But back to this locomotive, still wonder if it is normal for the bar part that holds the front pilot truck to be able to go all the way to each side, like this loco could run with the rear wheels on one track and the front pilot on another? Wonder if any Hartland locomotive parts would work on it and wonder if the Hartland tender that goes with the similar locomotive would work with it?


----------



## bmwr71 (Jan 30, 2010)

And remember one more thing, when I started to disassemble the locomotive I noticed that the screw that held the boiler to the frame was loose. Perhaps that is what the boiler backhead with the lead weight came loose and played wrecking ball with the cab and such. Maybe it wasn't the Postal Service's fault even if he did have a big "fragile" sticker on the box. The box itself showed no signs of rough treatment. Perhaps someone that understood model trains would have known to tighten that up. But then I wouldn't have gotten the project for free.


----------



## ntpntpntp (Jan 14, 2008)

Posted By bmwr71 on 24 Sep 2011 12:11 AM 
... still wonder if it is normal for the bar part that holds the front pilot truck to be able to go all the way to each side, like this loco could run with the rear wheels on one track and the front pilot on another? Wonder if any Hartland locomotive parts would work on it and wonder if the Hartland tender that goes with the similar locomotive would work with it? 

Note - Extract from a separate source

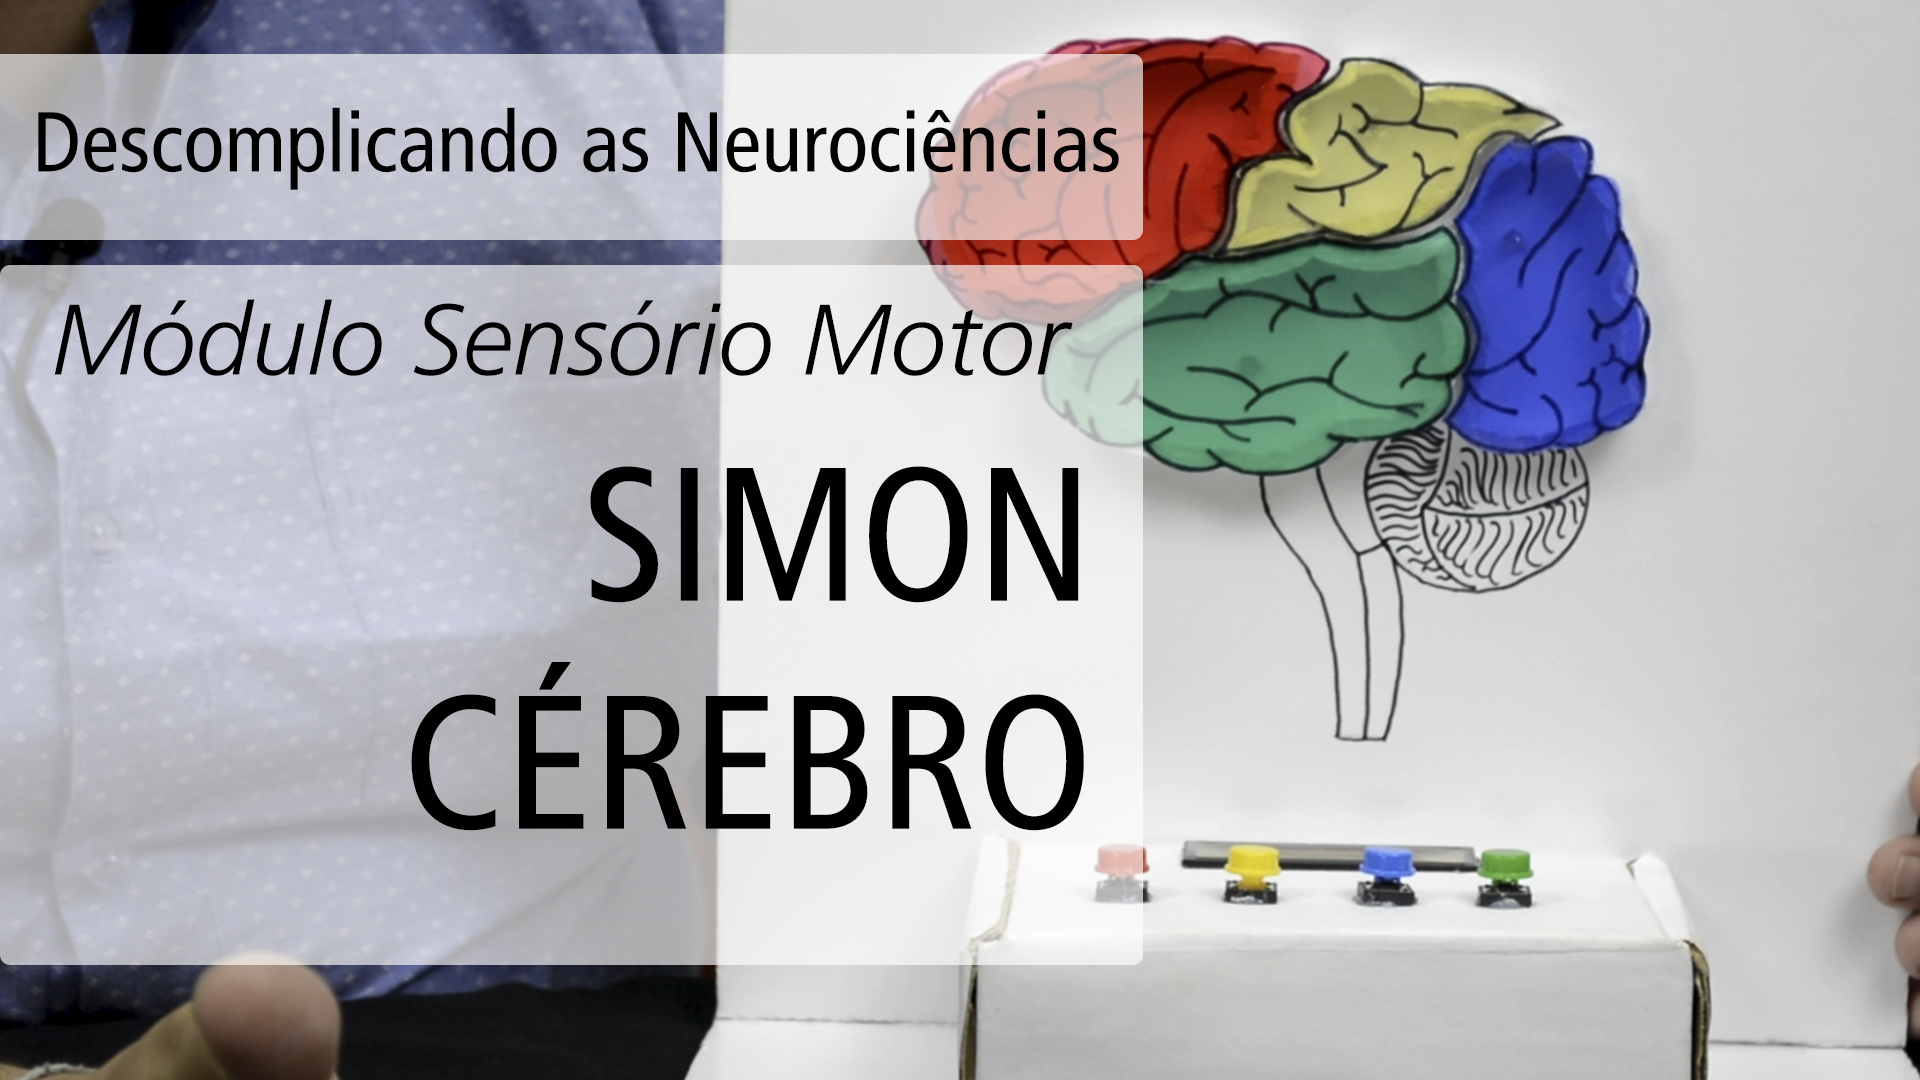 Simon Cérebro | Descomplicando as Neurociências

On mine (unmodified "out of the box" condition),


----------



## ntpntpntp (Jan 14, 2008)

hmm... don't know why my quoted reply isn't showing up in full? What I said was... 

On mine (unmodified "out of the box" condition), the bar is limited by two pips either side of where it screws to the chassis. Thids allows the pilot end of the bar to swing out as far as the chassis frames only. The bar then mounts in a splot in the pilot truck, this extra sideplay then allows the pilot wheels to swing out as far as and parallel to the outside of the cylinders. 

Nick.


----------



## ntpntpntp (Jan 14, 2008)

(why can't I edit the typo's out of my previous post? Tried but it's ignoring my re-submissions!) "Thids" should read "This", and "splot" should read "slot" of course!


----------



## Greg Elmassian (Jan 3, 2008)

what does your handle mean? 

To me it's Network Time Protocol ... 

Greg


----------



## ntpntpntp (Jan 14, 2008)

Hi Greg 

yes I know NTP means Network Time Protocol to many folk. In my case NTP is "Nick The Programmer". This was a nickname (no pun intended!) given to me back in the 1980's by someone in my company's office in Boston when I was working on a project transferring data from UK to US. Somehow it stuck, and now I sign most emails as NTP! 

Nick


----------



## nutcrackers (Nov 19, 2012)

I noticed many comments on the ljs. The company was LJS American coachworks. I have two of the work trains and I think there great. They were made by a fellow in Illinois as a hobby. He used the kalamzoo engine and built the cars from scratch. 
I would very much like to buy the Christmas train he made. If anyone has an info on where I might find one it would be greatly appreciated. 

K


----------